§ EXERCISE:
Could the data below please be reproduced word for word, without the pictures?

§ DATA PROVIDED:
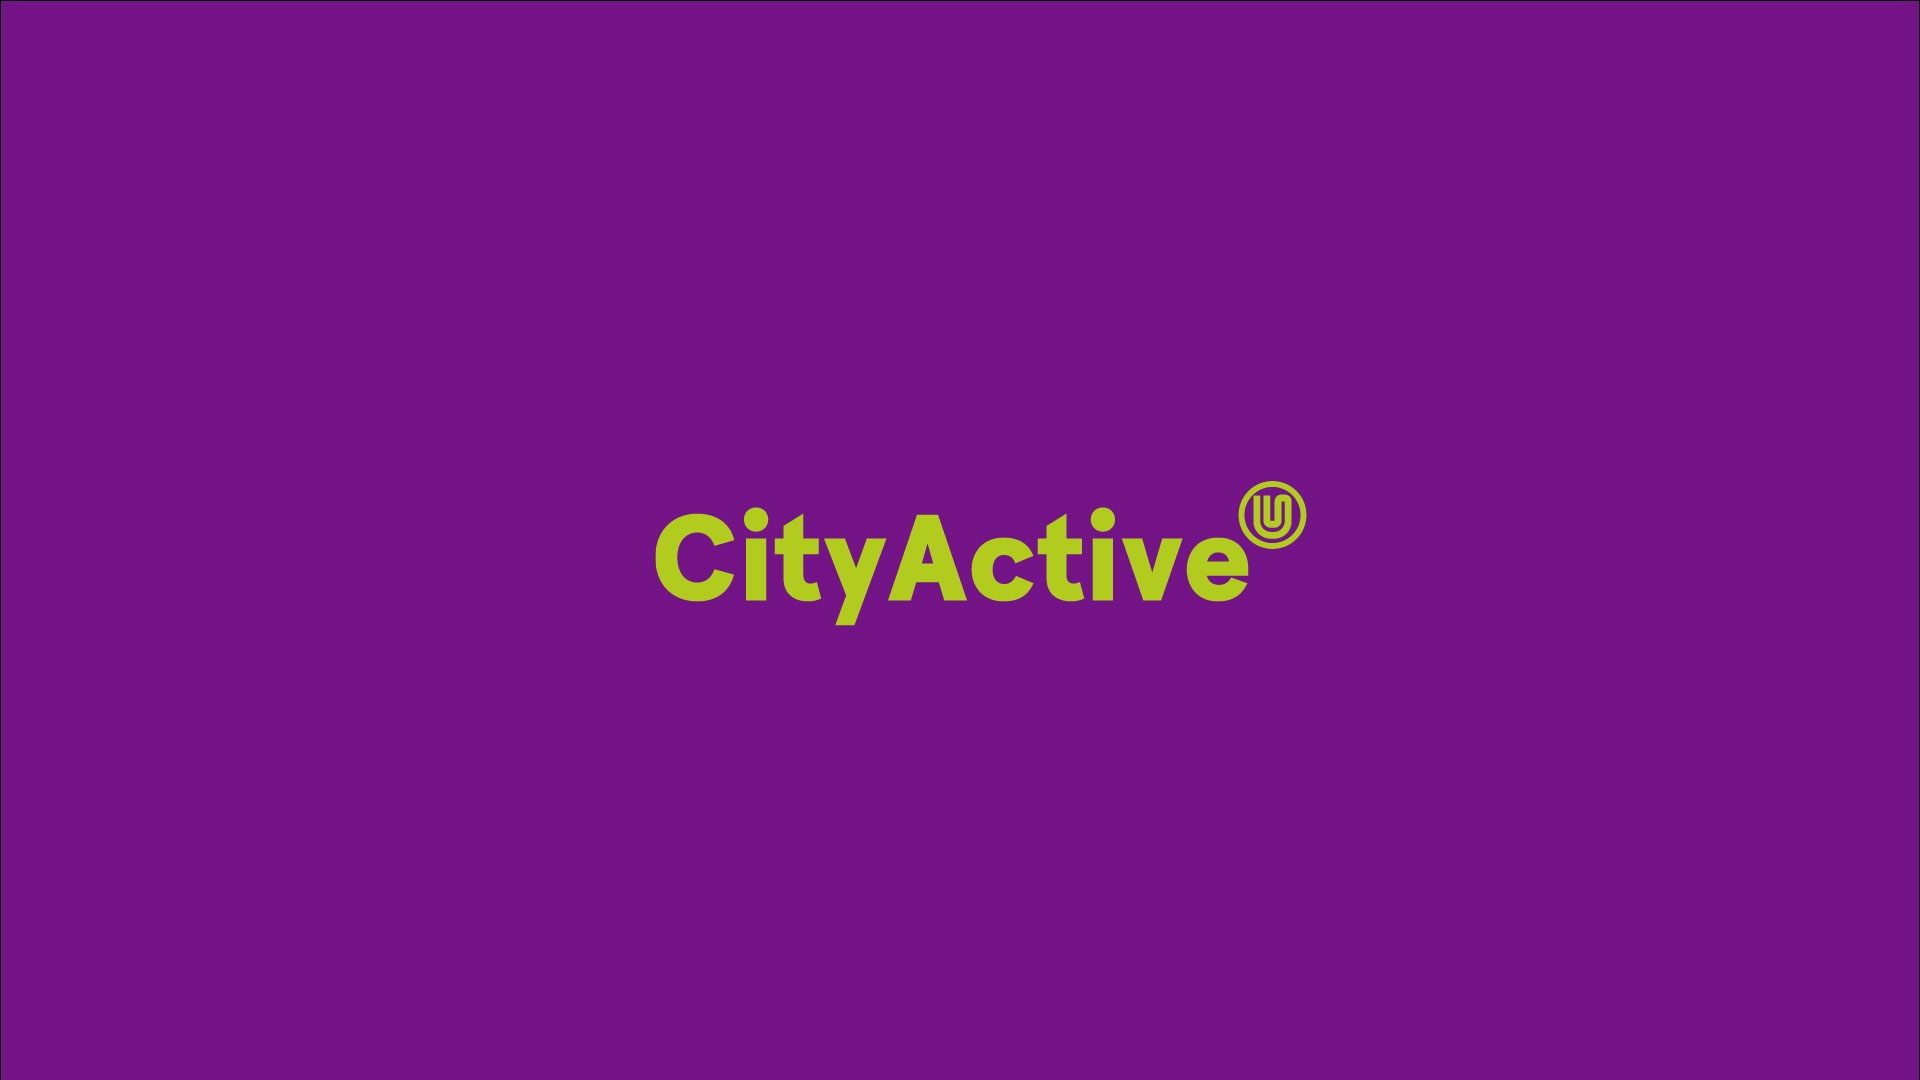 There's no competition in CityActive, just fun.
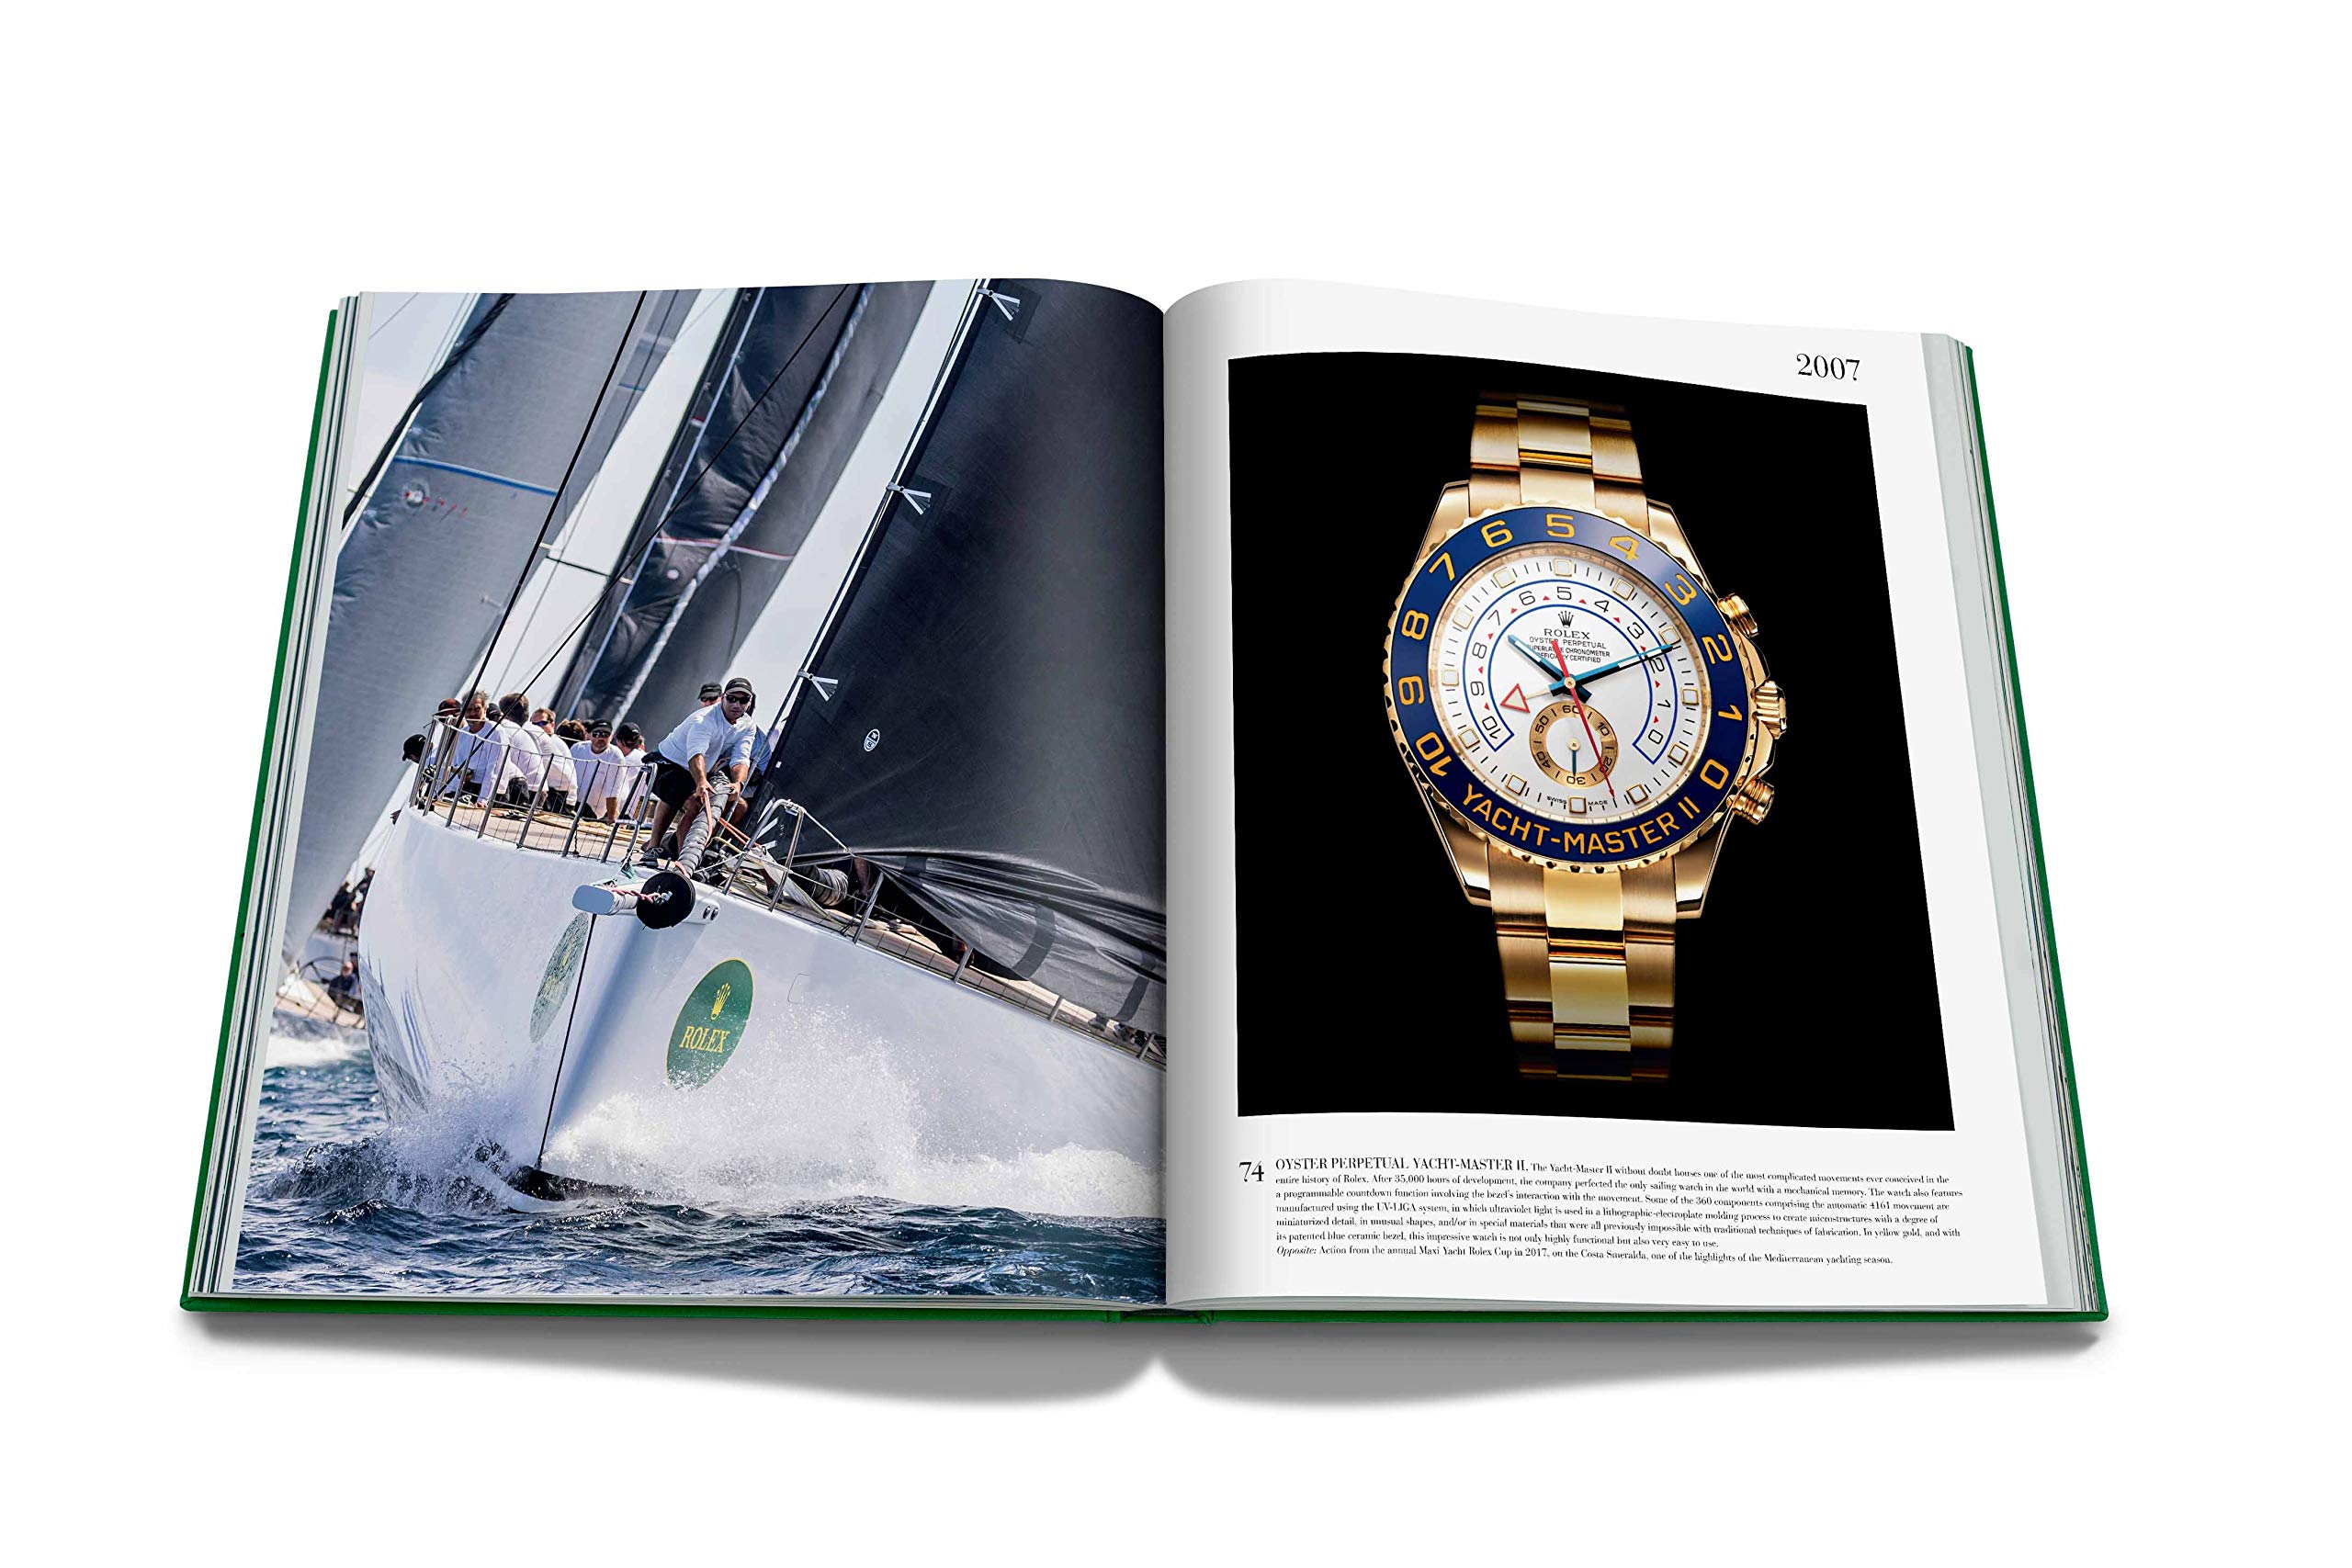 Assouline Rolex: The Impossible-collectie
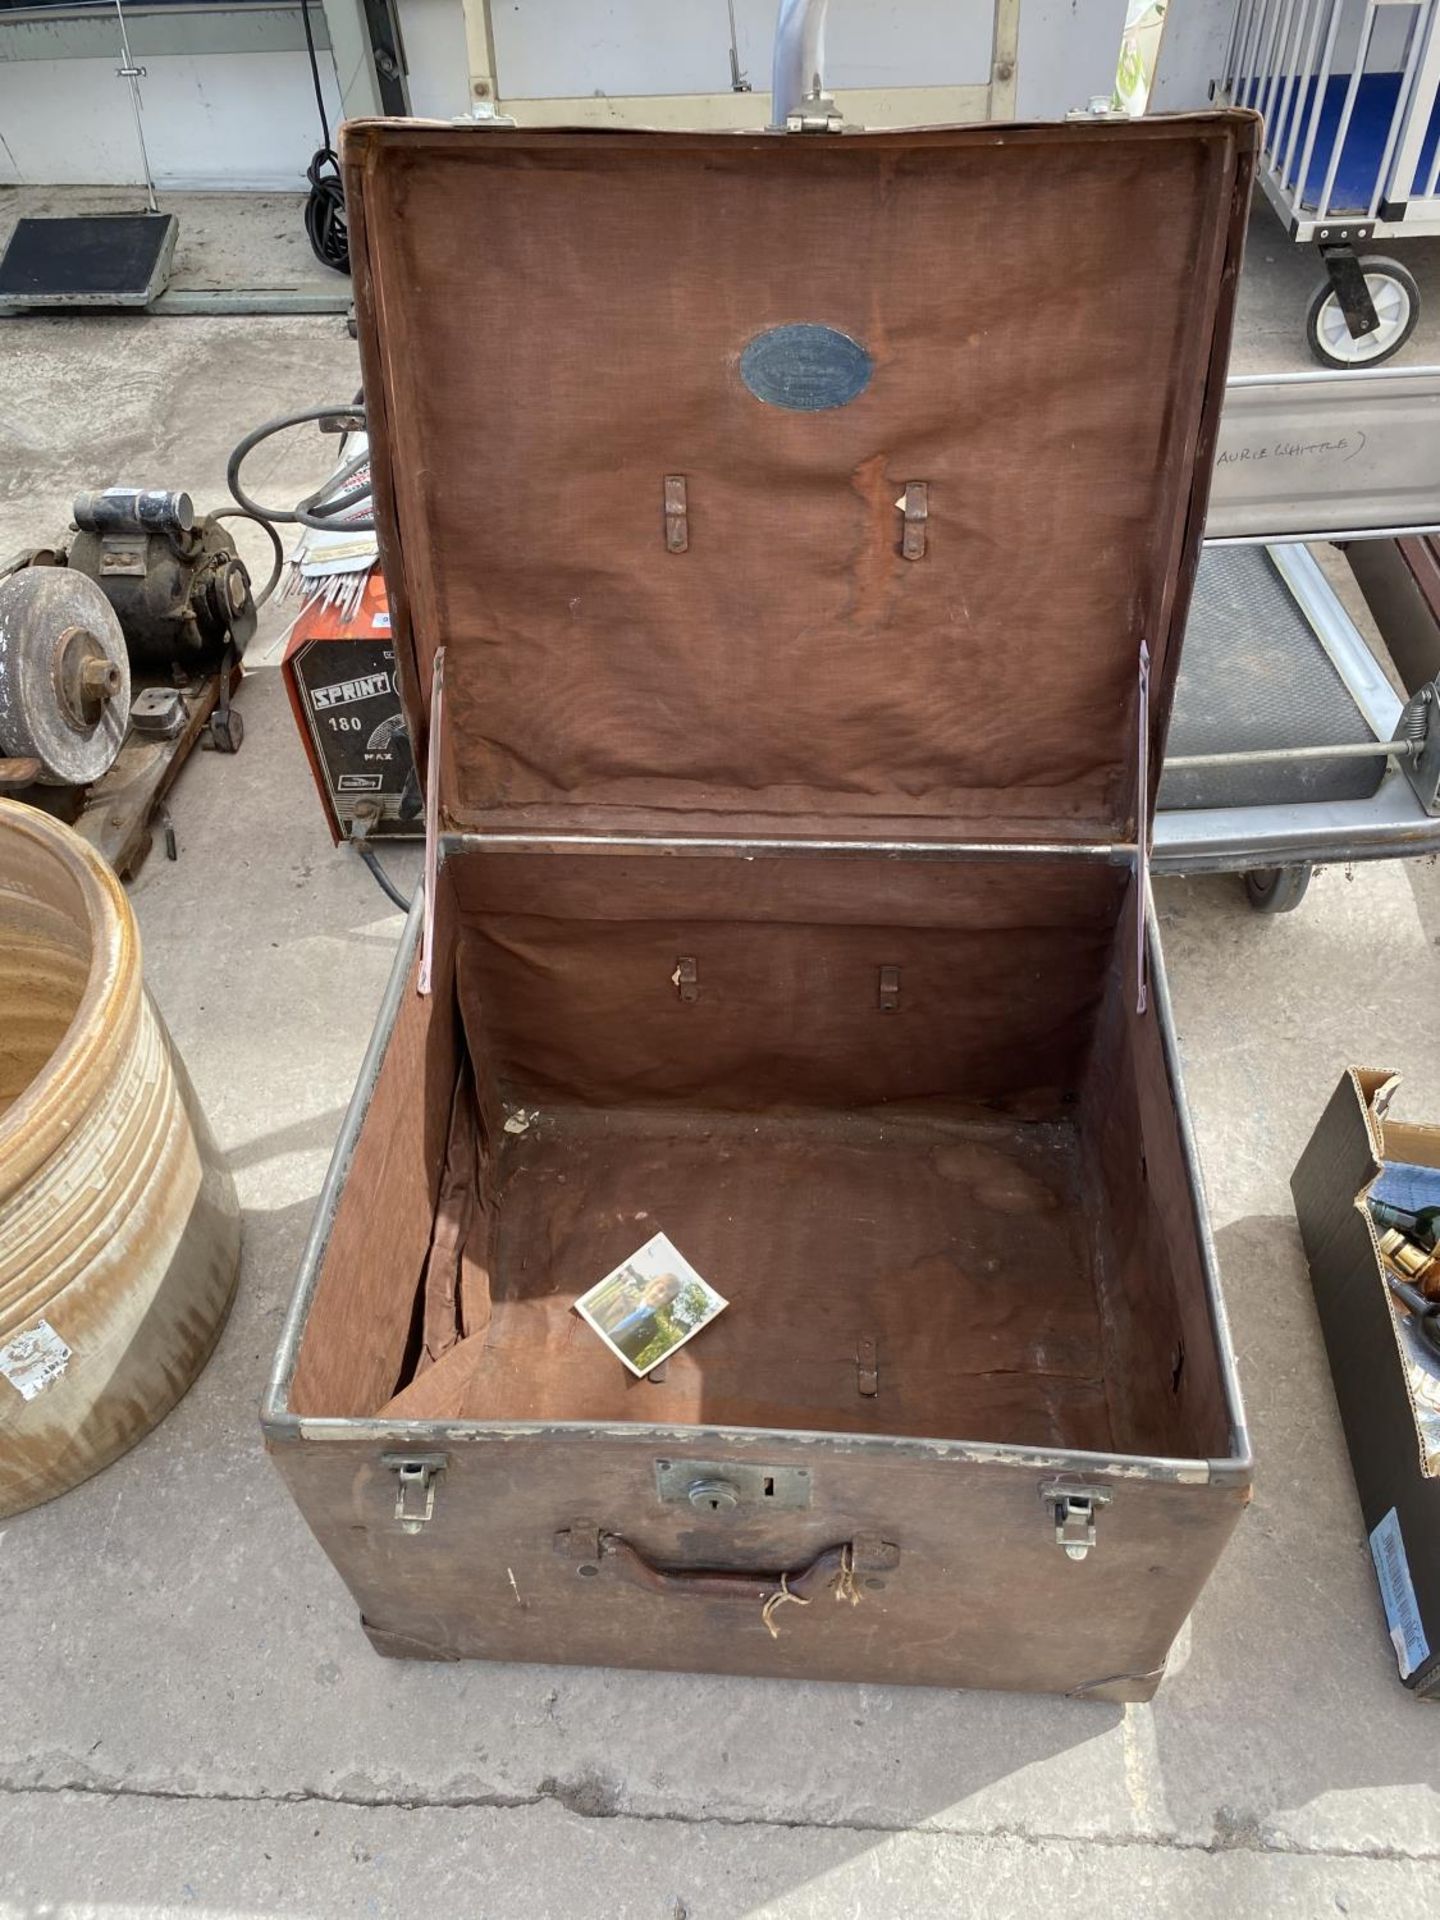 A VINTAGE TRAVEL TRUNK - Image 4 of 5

§ EXERCISE OUTPUT:
 There's no competition in CityActive, just fun.
 Assouline Rolex: The Impossible-collectie
 A VINTAGE TRAVEL TRUNK - Image 4 of 5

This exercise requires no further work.